Der Brabus Bodo ist das vielleicht emotionalste Auto, das BRABUS in den vergangenen Jahren vorgestellt hat. Das Gran-Turismo-Coupé verbindet die typische Leistungsschule der Marke mit einer klaren Mission: Es trägt den Namen des Gründers Bodo Buschmann und übersetzt dessen Idee eines großen, kompromisslosen Coupés in die Gegenwart.
Schon der erste Eindruck ist ungewöhnlich. Nicht einfach ein weiteres Umbauprojekt, nicht bloß ein extrovertierter Power-GT, sondern ein Auto, das bei BRABUS sichtbar als Statement inszeniert wird. Wenn du verstehen willst, warum über den Brabus Bodo gerade so intensiv gesprochen wird, musst du Leistung, Design und Herkunft zusammen denken.
| Zahlen, Daten, Fakten | |
|---|---|
| Gründungsjahr BRABUS | 1977 |
| Limitierung | 77 Fahrzeuge weltweit |
| Motor | 5,2-Liter-V12-Biturbo |
| Leistung | 735 kW / 1.000 PS |
| Maximales Drehmoment | 1.200 Nm |
| Höchstgeschwindigkeit | 360 km/h elektronisch begrenzt |
Quelle: BRABUS BODO
Ein Name mit Gewicht
Es gibt Autos, die ihre Geschichte erst auf der Straße schreiben.

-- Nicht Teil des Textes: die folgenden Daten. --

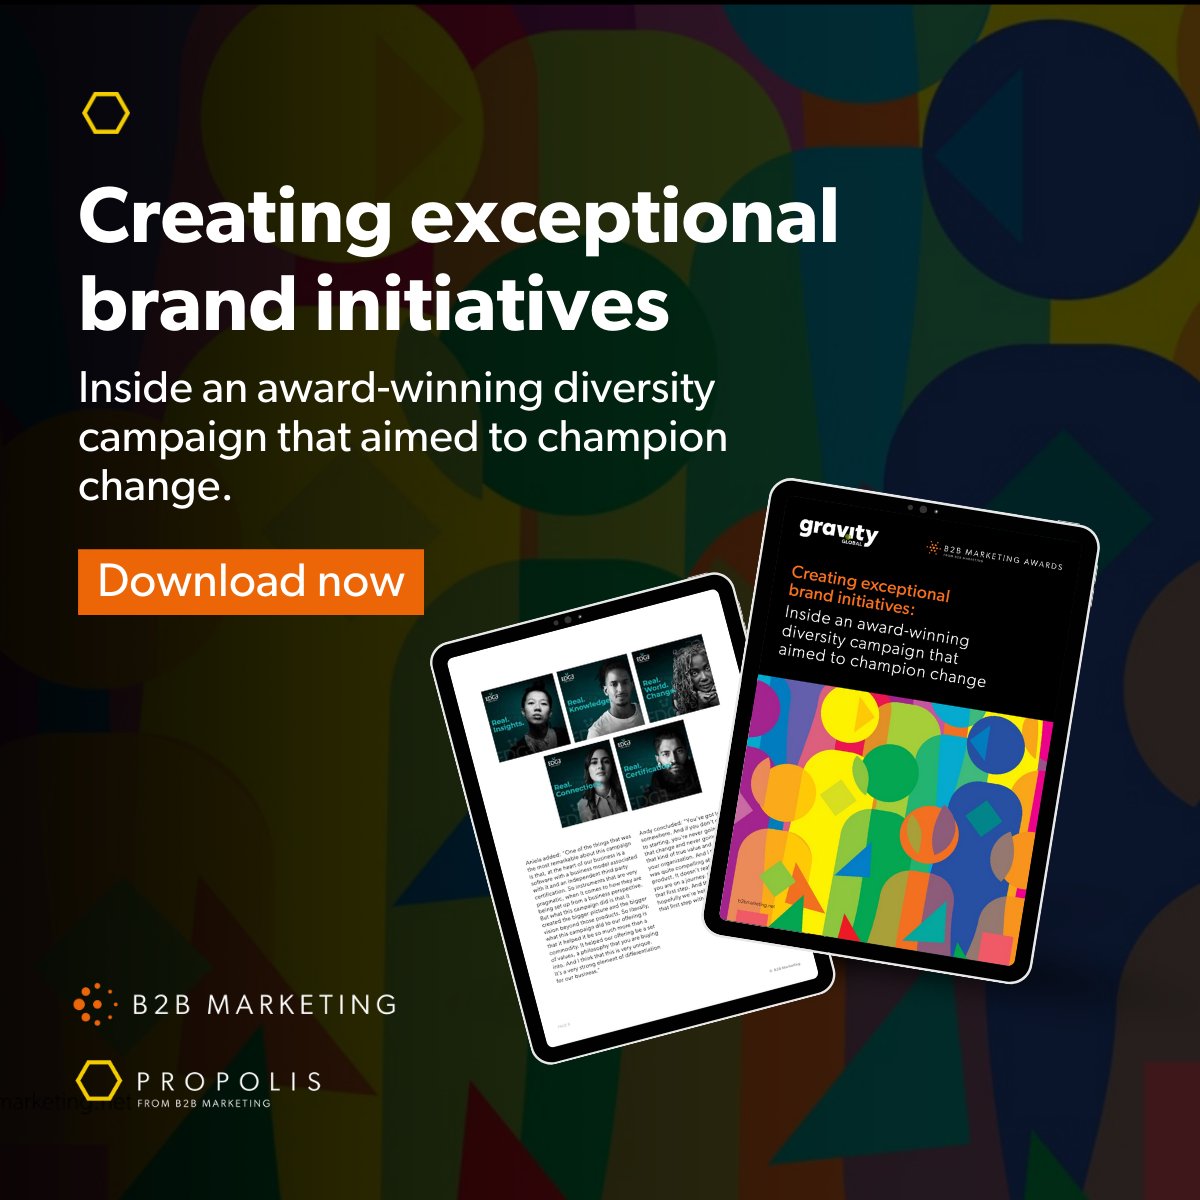 Gravity Global teamed up with EDGE to deliver a go-to-market strategy to build EDGE’s brand fame to drive global awareness around its diversity initiatives. Learn more below: okt.to/5ydT1J #casestudy #b2bmarketing #b2bawards

Und es gibt solche, die bereits beim Namen alles sagen. Der Brabus Bodo gehört klar zur zweiten Kategorie. BRABUS knüpft damit direkt an Bodo Buschmann an, der das Unternehmen 1977 gemeinsam mit Klaus Brackmann gründete; der Markenname setzt sich aus den ersten drei Buchstaben beider Nachnamen zusammen. Genau deshalb trägt das Fahrzeug am Heck auch ein „77“-Emblem als Verweis auf das Gründungsjahr.
Wer sich tiefer mit der Marke beschäftigt, landet fast zwangsläufig bei der offiziellen BRABUS-Historie. Dort wird deutlich, wie stark Buschmann die Marke geprägt hat: aus einer Idee für individuellere, sportlichere Mercedes-Benz entwickelte sich eine weltweit bekannte Hochleistungsadresse. Der Brabus Bodo ist damit nicht einfach ein Modellname, sondern eine gebaute Erinnerung an den Mann, der BRABUS erst möglich gemacht hat.

Gran Turismo, aber mit V12 und 1.000 PS
Spannend wird es dort, wo die Emotion in harte Zahlen kippt. BRABUS nennt für den BODO einen handgefertigten 5,2-Liter-V12-Biturbo, 735 kW beziehungsweise 1.000 PS bei 6.400 U/min und ein maximales Drehmoment von 1.200 Nm, das zwischen 2.900 und 5.000 U/min anliegt. Geschaltet wird über eine Achtgang-Automatik, angetrieben werden die Hinterräder. Für ein Auto dieser Klasse ist das eine klassische, fast schon trotzig analoge Machtdemonstration.
Auf dem Papier liest sich das entsprechend ernst: 0 auf 100 km/h in 3,0 Sekunden, 0 auf 200 km/h in 8,5 Sekunden, 0 auf 300 km/h in 23,9 Sekunden. Die elektronisch begrenzte Höchstgeschwindigkeit liegt bei 360 km/h. Damit positioniert sich der Brabus Bodo nicht als reiner Trackday-Spezialist, sondern als Hochgeschwindigkeits-GT mit gewaltiger Längsdynamik – ein Auto für lange Gerade, große Bühne und hohen Anspruch.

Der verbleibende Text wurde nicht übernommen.